DATA LISTING -
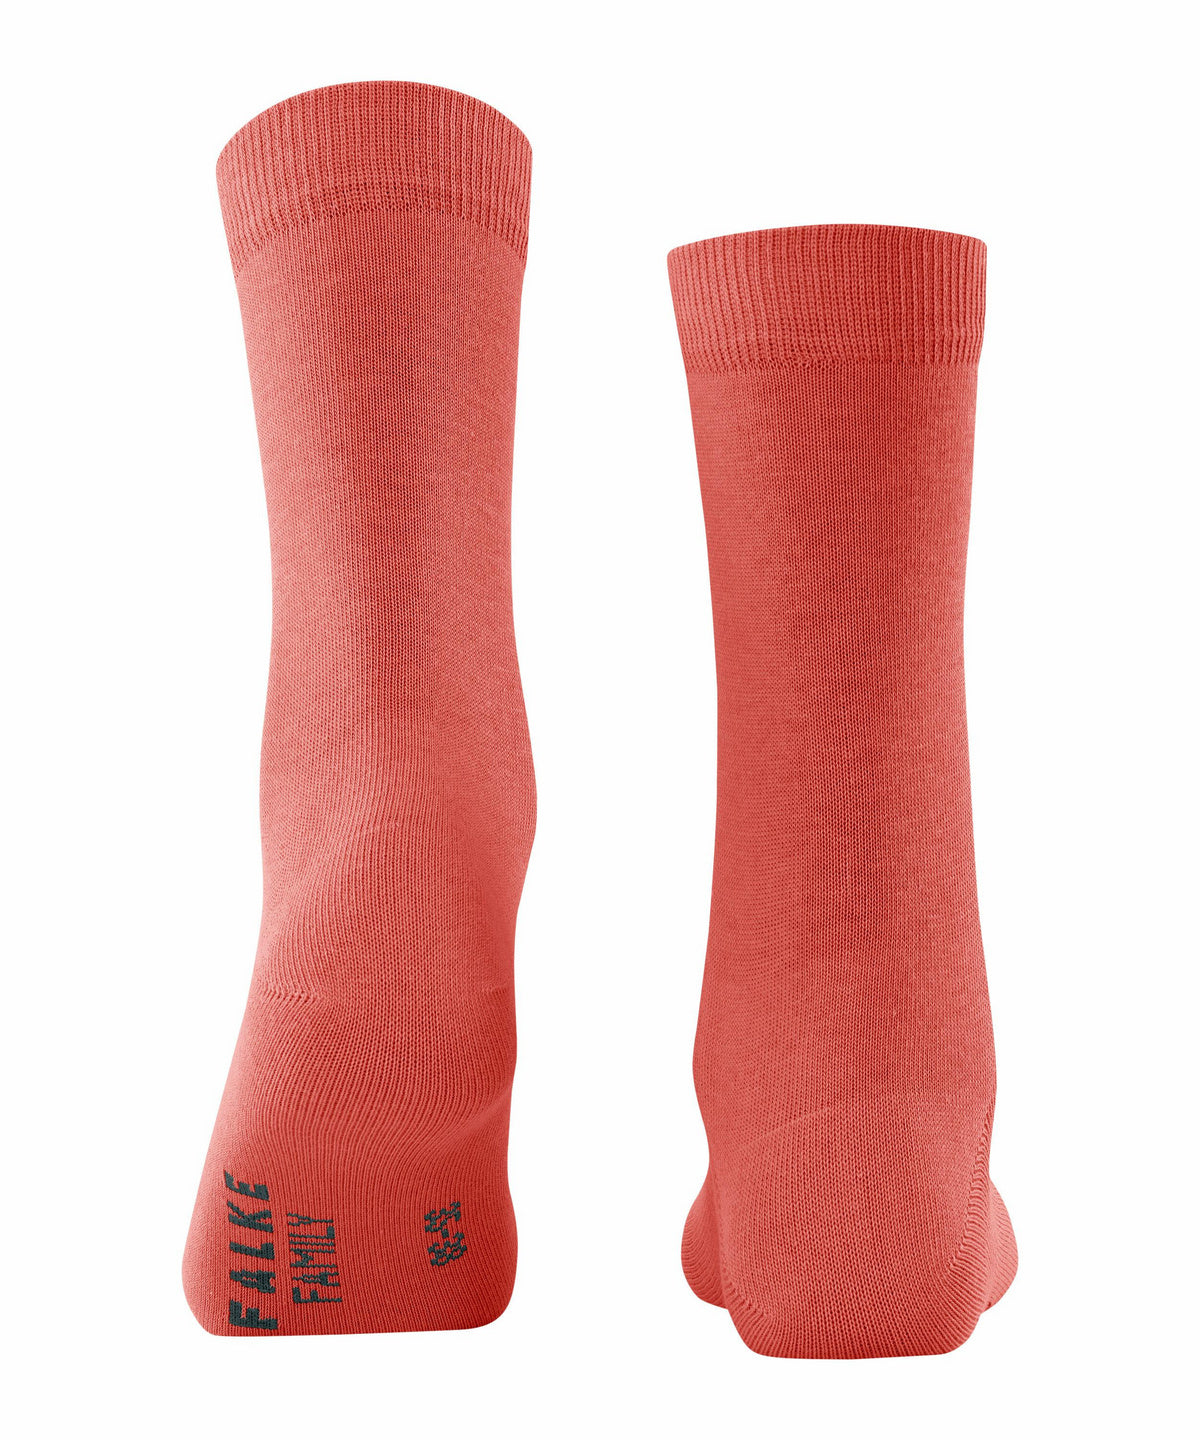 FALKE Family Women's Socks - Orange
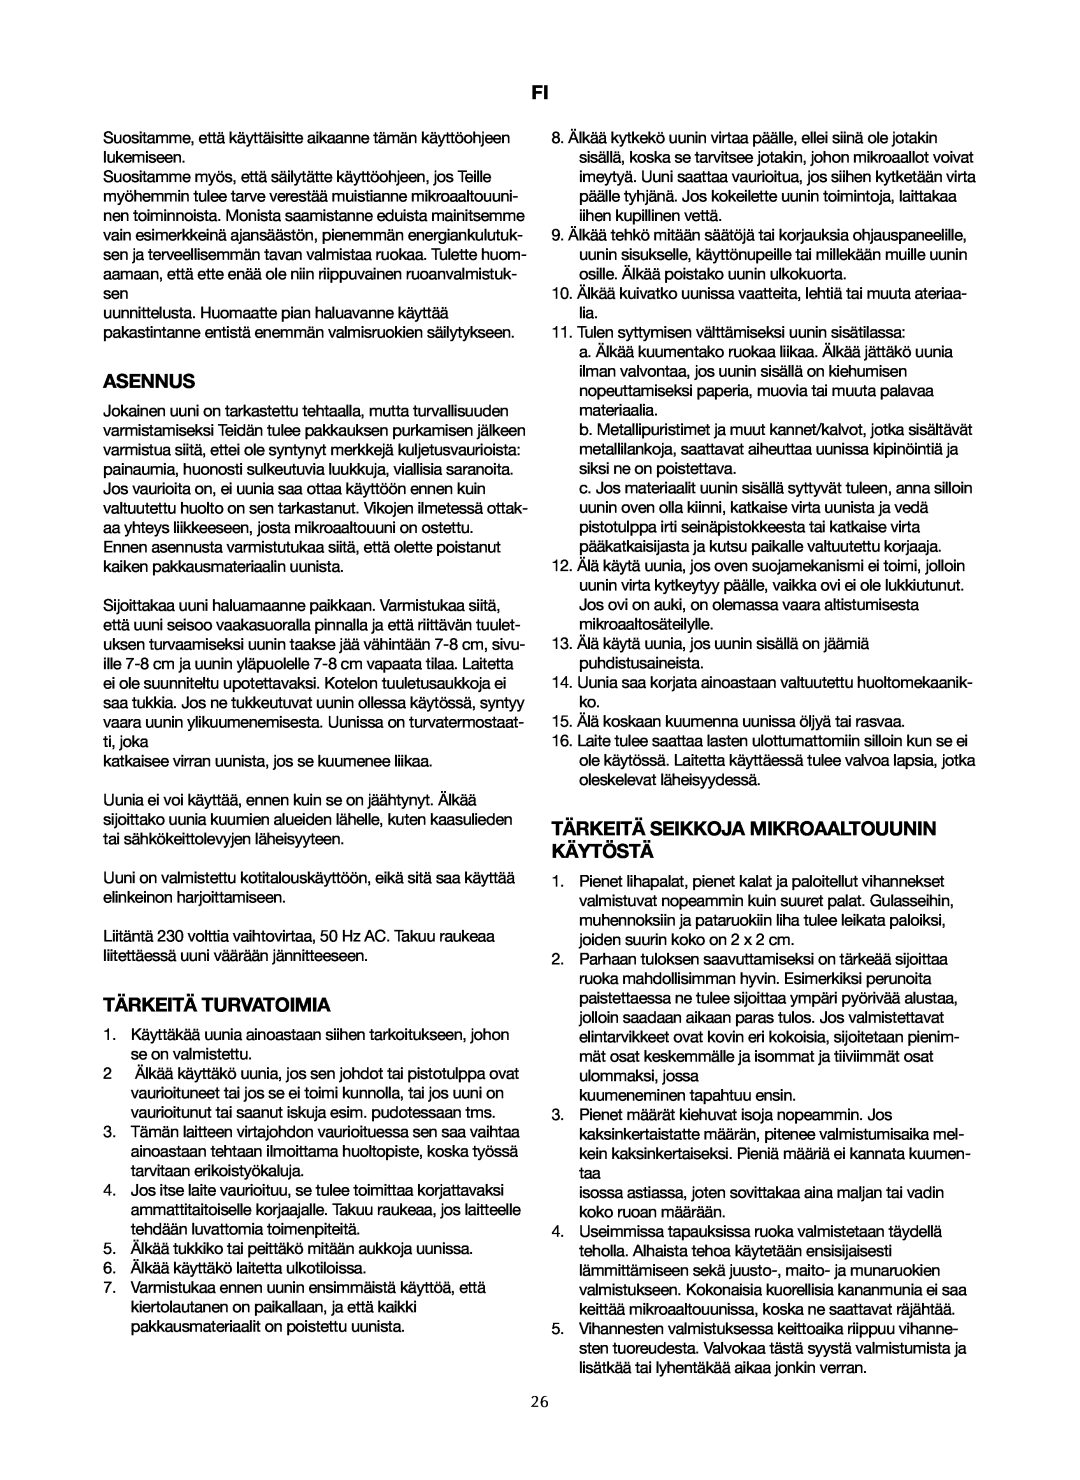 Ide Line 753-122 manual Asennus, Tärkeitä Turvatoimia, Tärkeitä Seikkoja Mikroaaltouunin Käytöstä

...

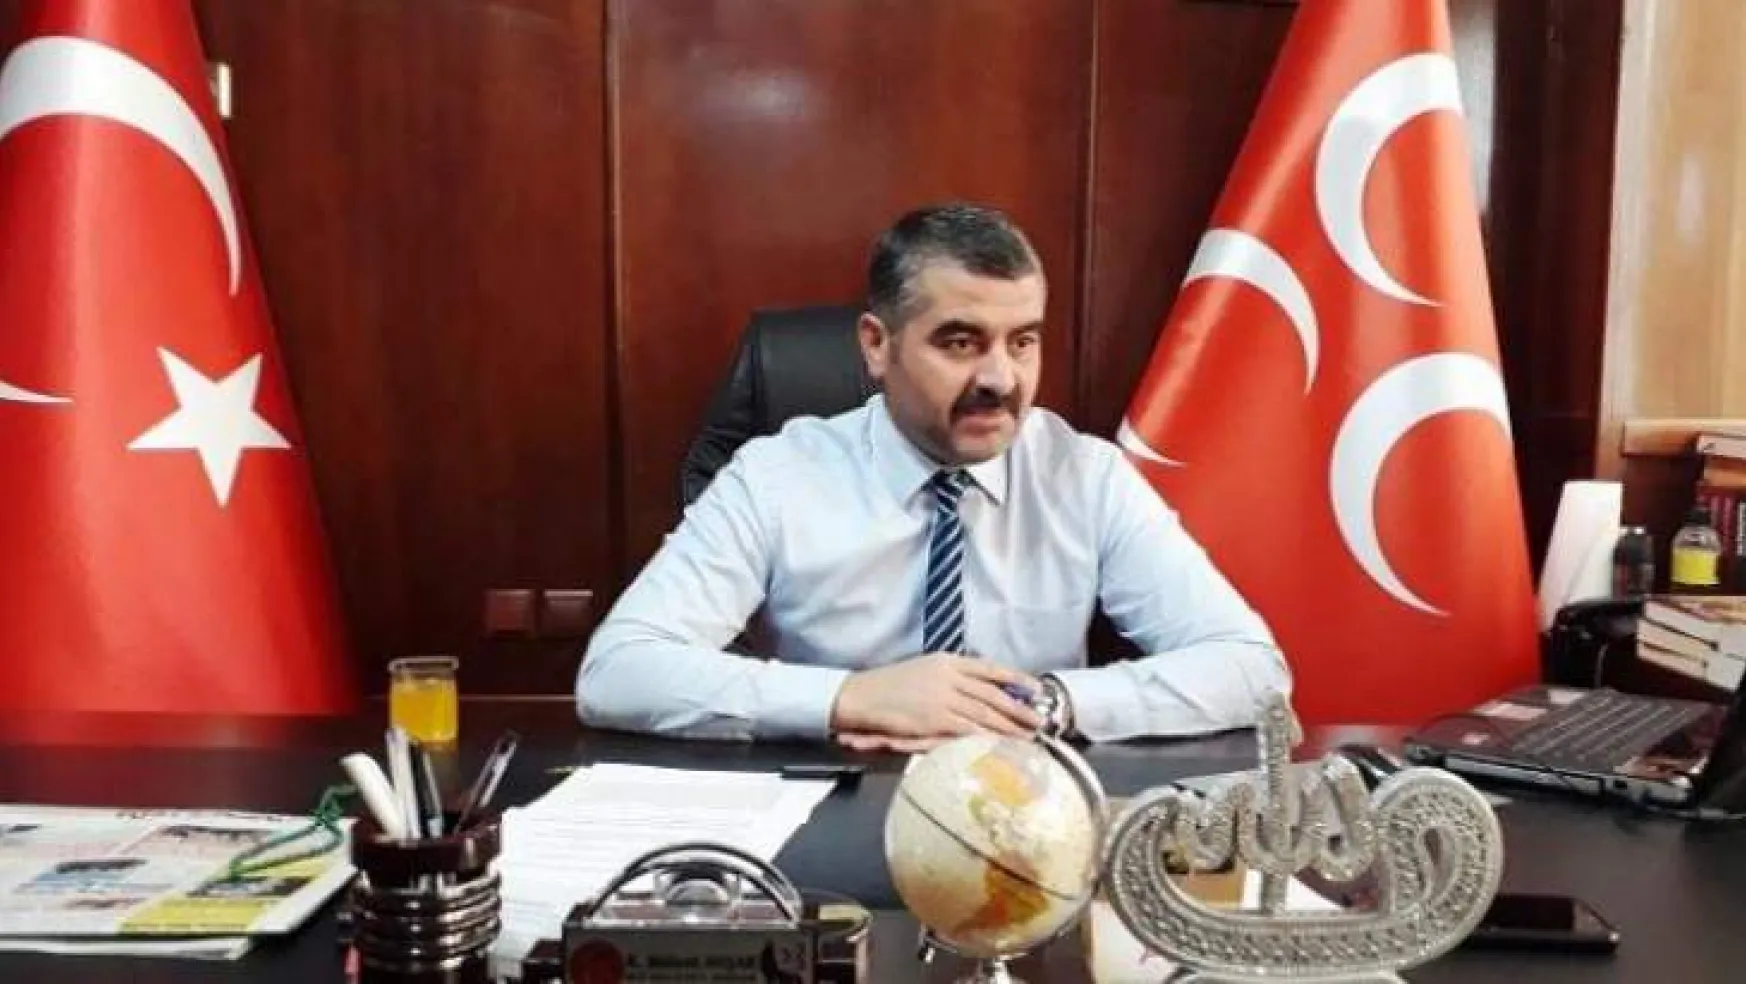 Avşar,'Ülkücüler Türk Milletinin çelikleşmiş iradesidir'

...

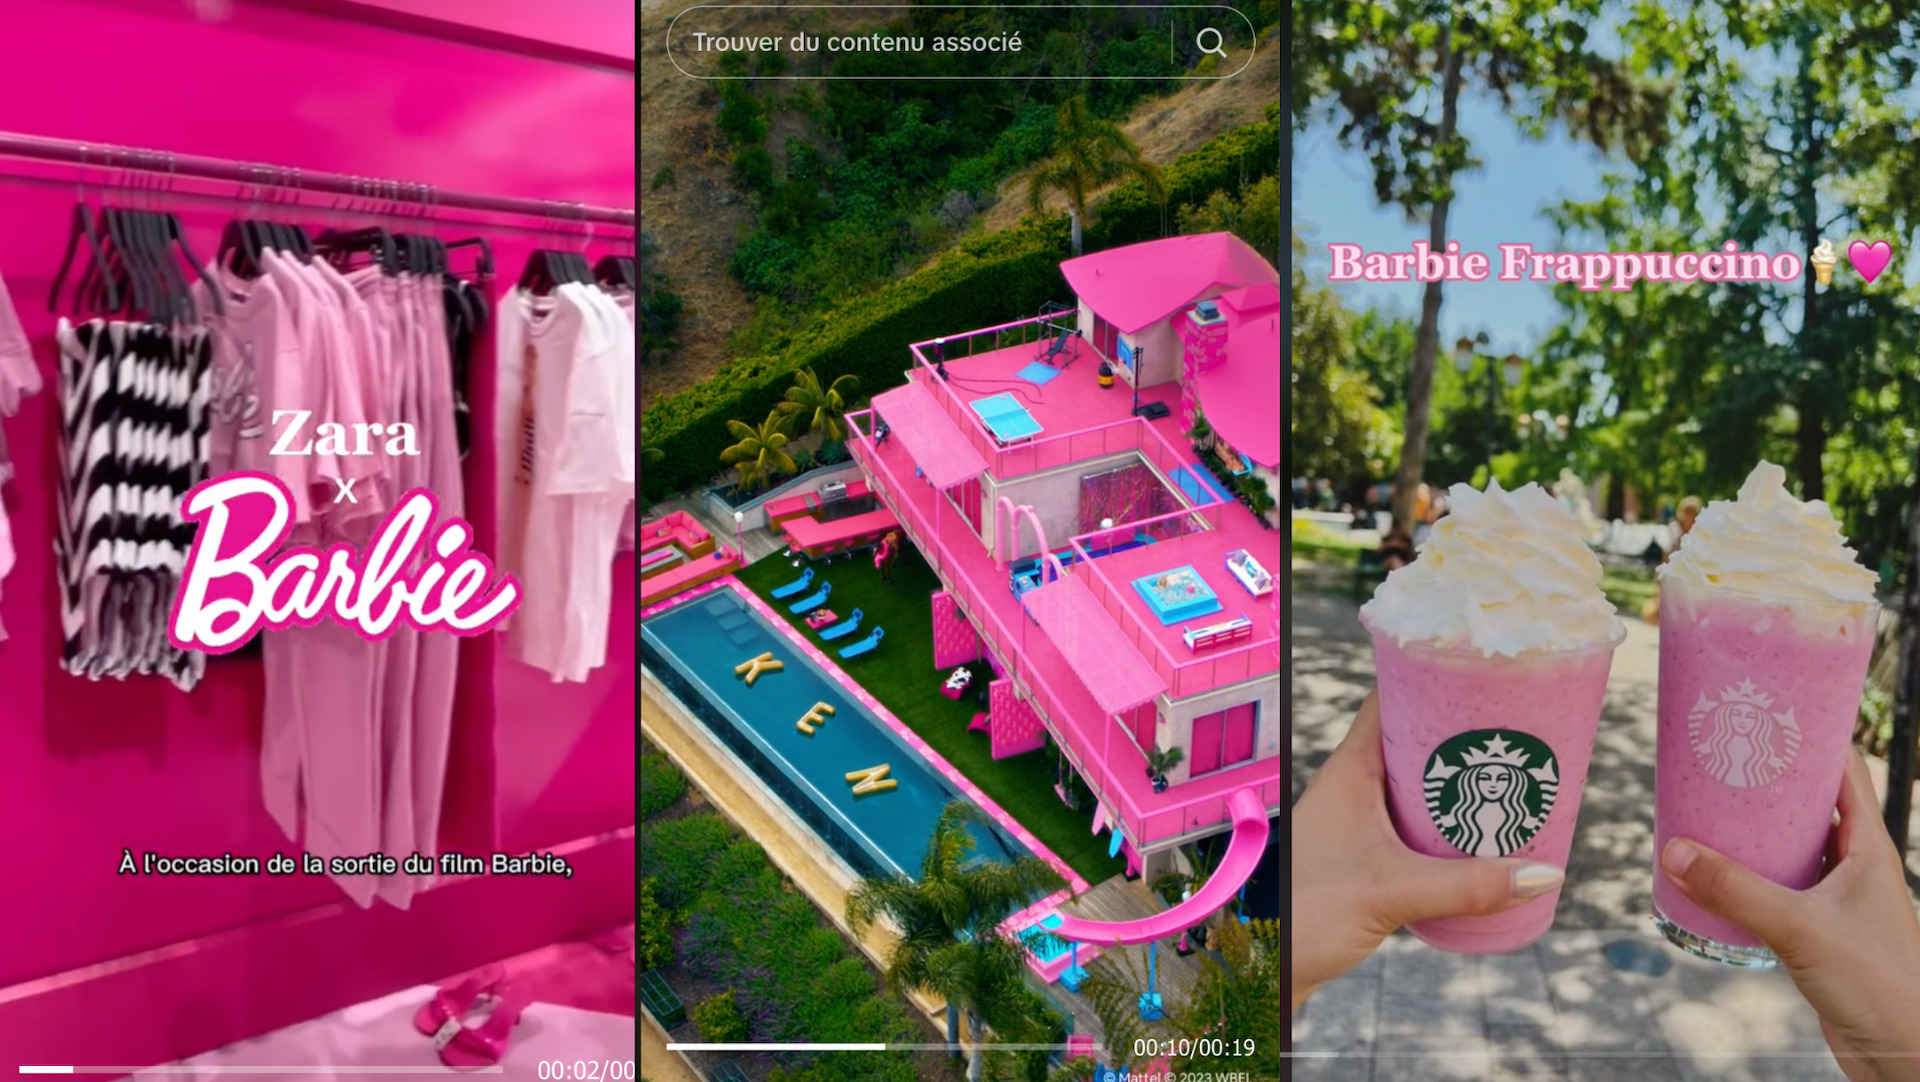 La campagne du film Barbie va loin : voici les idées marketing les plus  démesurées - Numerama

TASK GOAL - Reproduce word for word, with pictures dropped, only the part of the material above that opens with the line containing "FALKE Family Women's Socks - Orange" and closes with the line containing "Ide Line 753-122".

SOLVED PROBLEM -
 FALKE Family Women's Socks - Orange
 Ide Line 753-122 manual Asennus, Tärkeitä Turvatoimia, Tärkeitä Seikkoja Mikroaaltouunin Käytöstä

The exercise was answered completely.